# Tutorial 1c: Cloning a NEON case

**This is an optional tutorial** it's a little bit more advanced, but it will help you think about how to modify the model configuration to run new sites or model experiments.  

The `run_neon` script we used in the [introductory tutorial 1b](1b_NEON_Simulation_Intro.ipynb) created and ran a base case as well as a `.transient` case. 

You'll recall that building the case was pretty time consuming. Luckily, if you aren't changing the model code, you can run from this base case without rebuilding multiple times. 

<br>

---

## In this tutorial

The tutorial has several components. Below you will find steps to: 
1. Create a clone for a new NEON site from the base case you already built.
2. Introduce ways to customize the configuration of your cases.

*Extra credit* 

3. Create another clone for an experiment you're hoping to do.

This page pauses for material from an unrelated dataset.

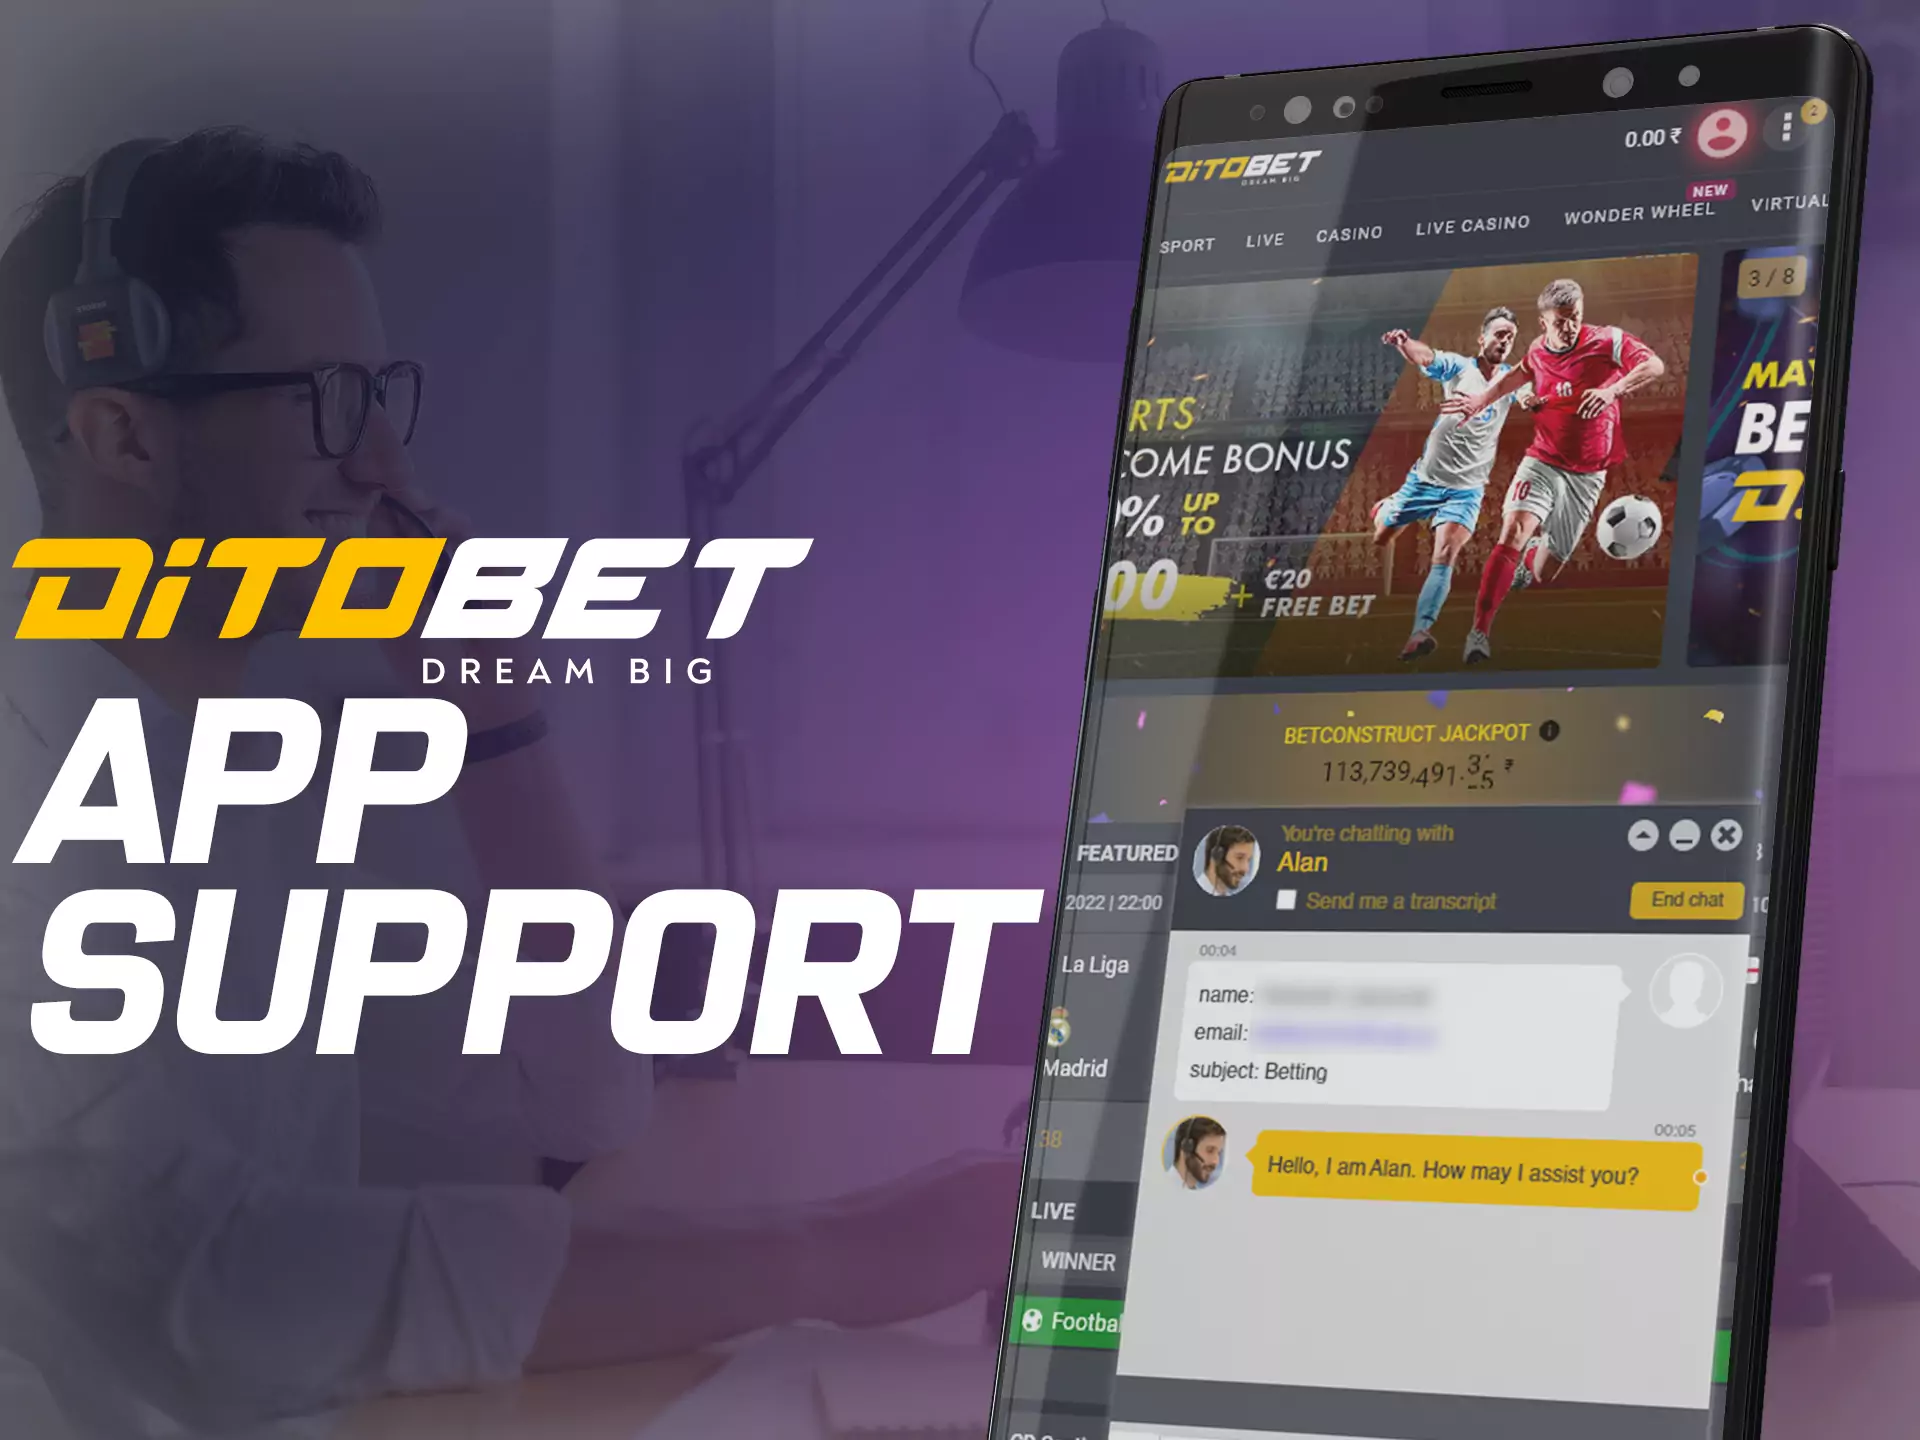 Ditobet support staff is ready to help you at any time.

<div class="alert alert-block alert-warning">

<b>NOTICE:</b>  This tutorial assumes that you've done your homework! 
    
If you haven't downloaded CTSM from the GitHub repository you need to go back to: 
<ul>
    <li><b>1b_NEON_Simulation_Tutorial</b> </li> 
</ul>
    
Do these first!

    
</div>


<div class="alert alert-block alert-warning">

<b>NOTICE:</b> If you're running this notebook through the NCAR JupyterHub login, you need to be on a Cheyenne login node (NOT Casper).  

</div>


<h1> 1. Create a clone </h1>

CTSM cases can be cloned to save time and create model experiments for different sites or different configurations that are otherwise identical to each other.   

### 1.1.1 Set up environment
It is important in order to have all the tools and packages you need to run simulations. 

The following code **is needed** if you're running in CESM-lab in the cloud.


In [None]:
cp -rp /opt/ncar/ctsm/ ~/CTSM

*The code below **is not** needed in the cloud*.

<div class="alert alert-block alert-info">
   
<b>TIP:</b> <i>If you're running on Cheyenne</i>, you may need to uncomment the the following two lines of code. This will set up your conda environment correctly.

<b>This is not required if your running CESM-Lab in the cloud.</b>

</div>


In [None]:
#module purge
#module load conda ncarenv

### 1.1.2 Navigate to your source code

In [None]:
cd ~/CTSM/tools/site_and_regional

## 1.2 Create a clone with `run_neon.py`
We'll just use run_neon again, but point to the **base case** you created in that `1b` tutorial.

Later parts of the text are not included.